Настасья, однако, на это не подалась.
— У нас, — говорит, — такого обычая нет, чтобы хлеб за брюхом ходил. Принесешь деньги — шкатулка твоя.
Барыня видит — вон какая женщина, — живо скрутилась за деньгами, а сама наказывает:
— Ты уж, милая, не продавай шкатулку.
Настасья отвечает:
— Это будь в надежде. От своего слова не отопрусь. До вечера ждать буду, а дальше моя воля.

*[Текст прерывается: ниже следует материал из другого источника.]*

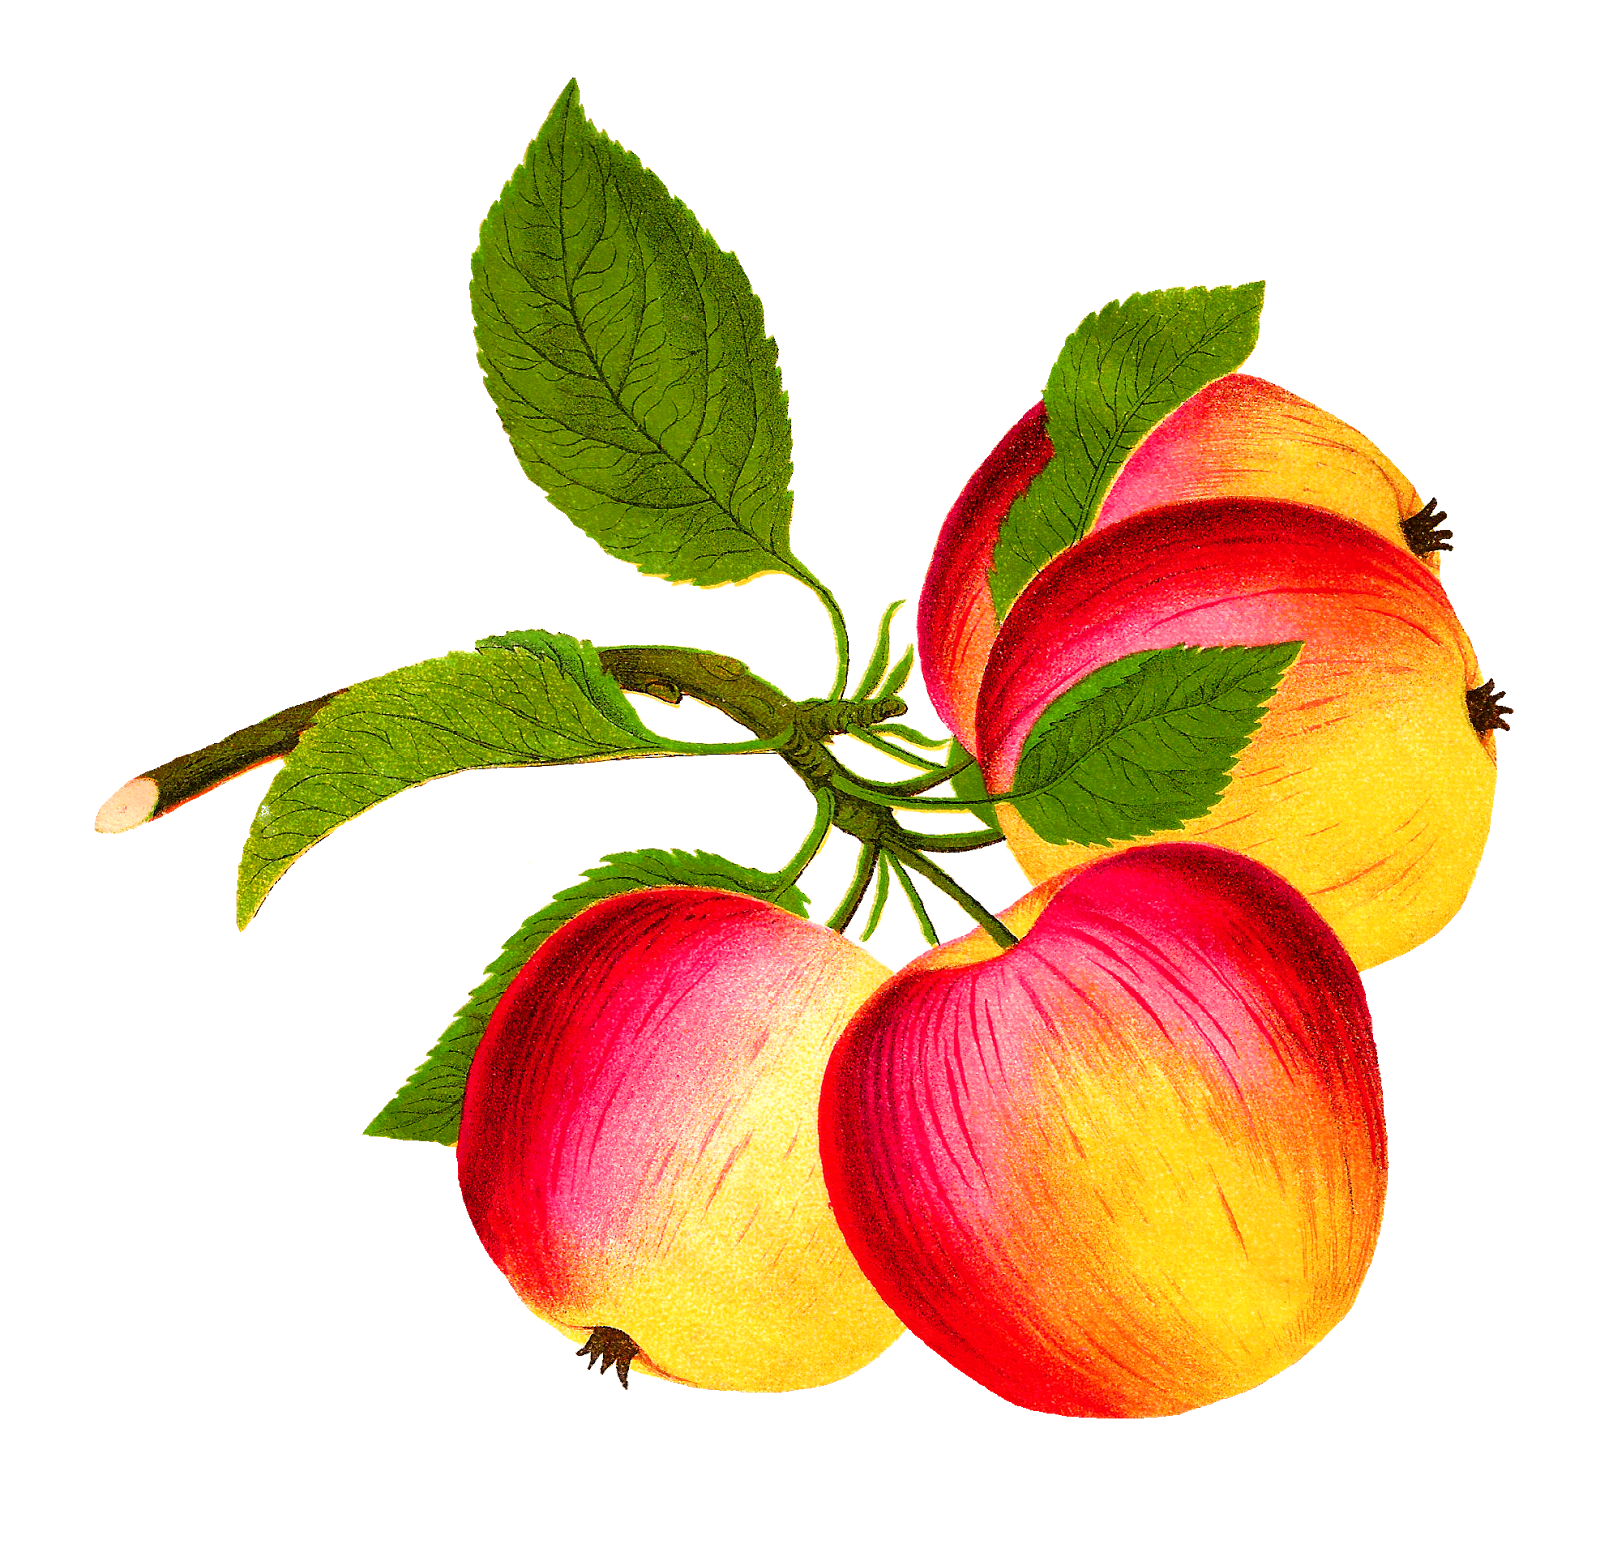 Fruits clipart victorian. Digital fruit download christmas

Уехала паротина жена, а купцы-то и набежали все разом. Они, вишь, следили. Спрашивают:
— Ну, как?
— Запродала, — отвечает Настасья.
— За сколь?
— За две, как назначила.
— Что ты, — кричат, — ума решилась али что? В чужие руки отдаешь, а своим отказываешь! — И давай-ко цену набавлять.
Ну, Настасья на эту удочку не клюнула.
— Это, — говорит, — вам привышно дело в словах вертеться, а мне не доводилось. Обнадежила женщину, и разговору конец!
Паротина баба крутехонько обернулась. Привезла деньги, передала из ручки в ручку, подхватила шкатулку и айда домой. Только на порог, а навстречу Танюшка. Она, вишь, куда-то ходила, и вся эта продажа без нее была. Видит — барыня какая-то, и со шкатулкой. Уставилась на нее Танюшка — дескать, не та ведь, какую тогда видела. А паротина жена пуще того воззрилась.
— Что за наваждение? Чья такая? — спрашивает.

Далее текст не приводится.